The Arabidopsis CLAVATA2 (CLV2) gene encodes a leucine-rich repeat (LRR) receptor-like protein (RLP) that lacks a cytoplasmic kinase domain, unlike receptor-like kinase (RLK) such as CLV1 which contains a cytoplasmic kinase domain (Clark et al., 1997; Jeong et al., 1999). It has been shown that, similar to CLV1 and CLV3, CLV2 is implicated primarily in the proper coordination between proliferation and differentiation of stem cells in the shoot apical meristem (SAM) (Clark et al., 1993, 1995, 1997; Kayes and Clark, 1998; Wang et al., 2008). However, unlike CLV1 and CLV3, CLV2 is expressed broadly not only in the SAM but also in many other tissues and is induced by multiple external stimuli, which suggests a wider role for CLV2 beyond SAM maintenance (Kayes and Clark, 1998; Wang et al., 2008, 2010b; Wu J. et al., 2016). Indeed, recent studies have indicated that CLV2 is involved in distinct physiological programs, including plant development and innate immunity to microbe and nematode infections (Wang et al., 2010a; Replogle et al., 2011; Hanemian et al., 2016). Identification of multiple functions of CLV2 raises the question of how the specificities of CLV2-mediated signaling are achieved. Other interesting aspects include the potential crosstalk of CLV2-mediated signaling pathways and how the formation of CLV2-associated receptor complex(es) is controlled. This article presents recent advances in our understanding of multiple functions of CLV2 in various biological processes.
CLV2 is Implicated in the Regulation of SAM Maintenance
Mutations in the CLV2 gene, similar to CLV1 and CLV3, resulted in enlarged meristems and abnormal organs, while the clv2 mutant exhibited weaker phenotypes than those of the clv1 and clv3 mutants (Clark et al., 1993, 1995, 1997; Kayes and Clark, 1998; Diévart et al., 2003; Wang et al., 2008). CLV3, one of the best studied CLAVATA3/EMBRYO SURROUNDING REGION-related (CLE) peptides (Wang et al., 2016), functions as an intercellular signaling molecule to repress expression of the stem cell-promoting gene WUSCHEL (WUS), thereby restricting the stem cell population (Fletcher et al., 1999; Brand et al., 2000; Schoof et al., 2000; Rojo et al., 2002; Lenhard and Laux, 2003). The CLV3 peptide is thought to be recognized in parallel by multiple receptor complexes (Figure 1), including CLV1 homomultimers, RECEPTOR-LIKE PROTEIN KINASE2/TOADSTOOL2 (RPK2/TOAD2) homodimers, heteromultimers of CLV2 and CORYNE/SUPPRESSOR OF OVEREXPRESSION OF LLP1-2 (CRN/SOL2), and heteromultimers of CLV1 with its close homologs BARELY ANY MERISTEM1 (BAM1) and BAM2 (Casamitjana-Martinez et al., 2003; Miwa et al., 2008; Müller et al., 2008; Bleckmann et al., 2010; Kinoshita et al., 2010; Zhu et al., 2010; Shinohara and Matsubayashi, 2015). Possibly, the CLV3 signal is also perceived by heteromultimers of CLV1 associated with CLV2-CRN/SOL2 (Figure 1), based on the result that CLV1 was found to weakly interact with the CLV2-CRN/SOL2 heterodimer (Bleckmann et al., 2010; Zhu et al., 2010). By applying the multiparameter fluorescence imaging spectroscopy (MFIS) method, it is further revealed that CLV homodimers, CLV2-CRN heteromultimers and CLV2-CRN-CLV1 multimers are organized in preformed complexes in the absence of CLV3. The addition of CLV3 stimulates the accumulation of CLV2-CRN-CLV1 multimers within specific domains along the plasma membrane (Somssich et al., 2015).

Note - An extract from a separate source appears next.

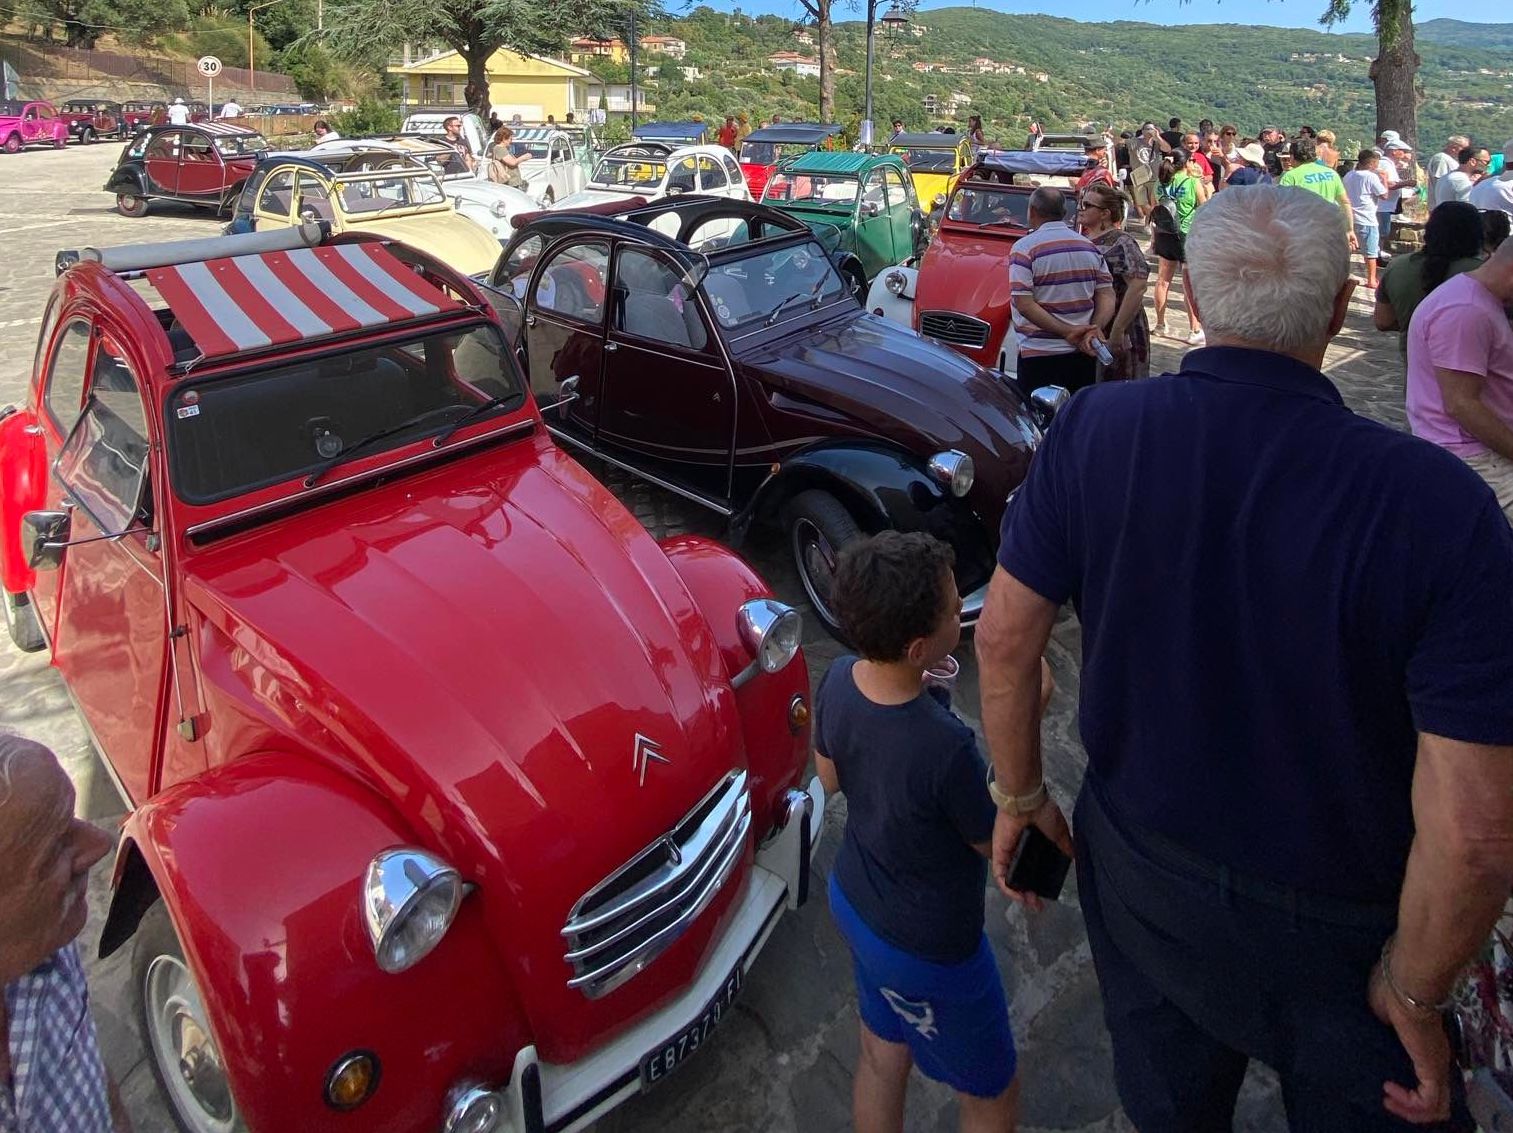 Raduno d’auto d’epoca a Matonti di Laureana Cilento: visita nel borgo e assaggio prodotti tipici

FIGURE 1. Schematic representation of different CLV2-associated receptor complexes that mediate CLE signaling in multiple biological processes. Particularly, the genetic and biochemical evidence are unknown for the physical interaction between CLV2 and CRN, both of which are potentially involved in R. solanacearum pathogenicity, and CLV2 associates with SOBIR1 that controls a yet uncharacterized physiological process (dash-line boxed). RLKa and RLKb represent unknown receptors that function together with CLV2 and CRN/SOL2 to form multimers and perceive CLE signals.
Specifically, CRN encodes a membrane-associated receptor-like cytoplasmic kinase (RLCK) that lacks a distinct extracellular domain (Miwa et al., 2008; Müller et al., 2008). It has demonstrated that CRN and CLV2 interact at the endoplasmic reticulum and relocalize to the plasma membrane (Bleckmann et al., 2010). Despite CRN kinase being catalytically inactive, the kinase domain of CRN is essential for CLV3 signaling perception in the SAM (Nimchuk et al., 2011; Somssich et al., 2016). Nevertheless, the CLV2-SOL2/CRN heterodimer likely functions together with an unknown RLK, independently of CLV1, to mediate CLV3 signal transduction in the SAM homeostasis (Figure 1).
Direct binding of CLV3 peptide with the extracellular LRR domains of CLV1 and BAM1 receptors has been reported (Ogawa et al., 2008; Shinohara and Matsubayashi, 2015). However, CLV2 did not exhibit direct binding to CLV3 peptide, albeit its ability to bind a number of CLE peptides (Guo et al., 2010; Shinohara and Matsubayashi, 2015). On one hand, these results suggest the need for identification of CLV2 ligands, and on the other the results further underscore the hypothesis that an unknown RLK controls SAM homeostasis together with the CLV2-CRN/SOL2 heterodimer (Figure 1).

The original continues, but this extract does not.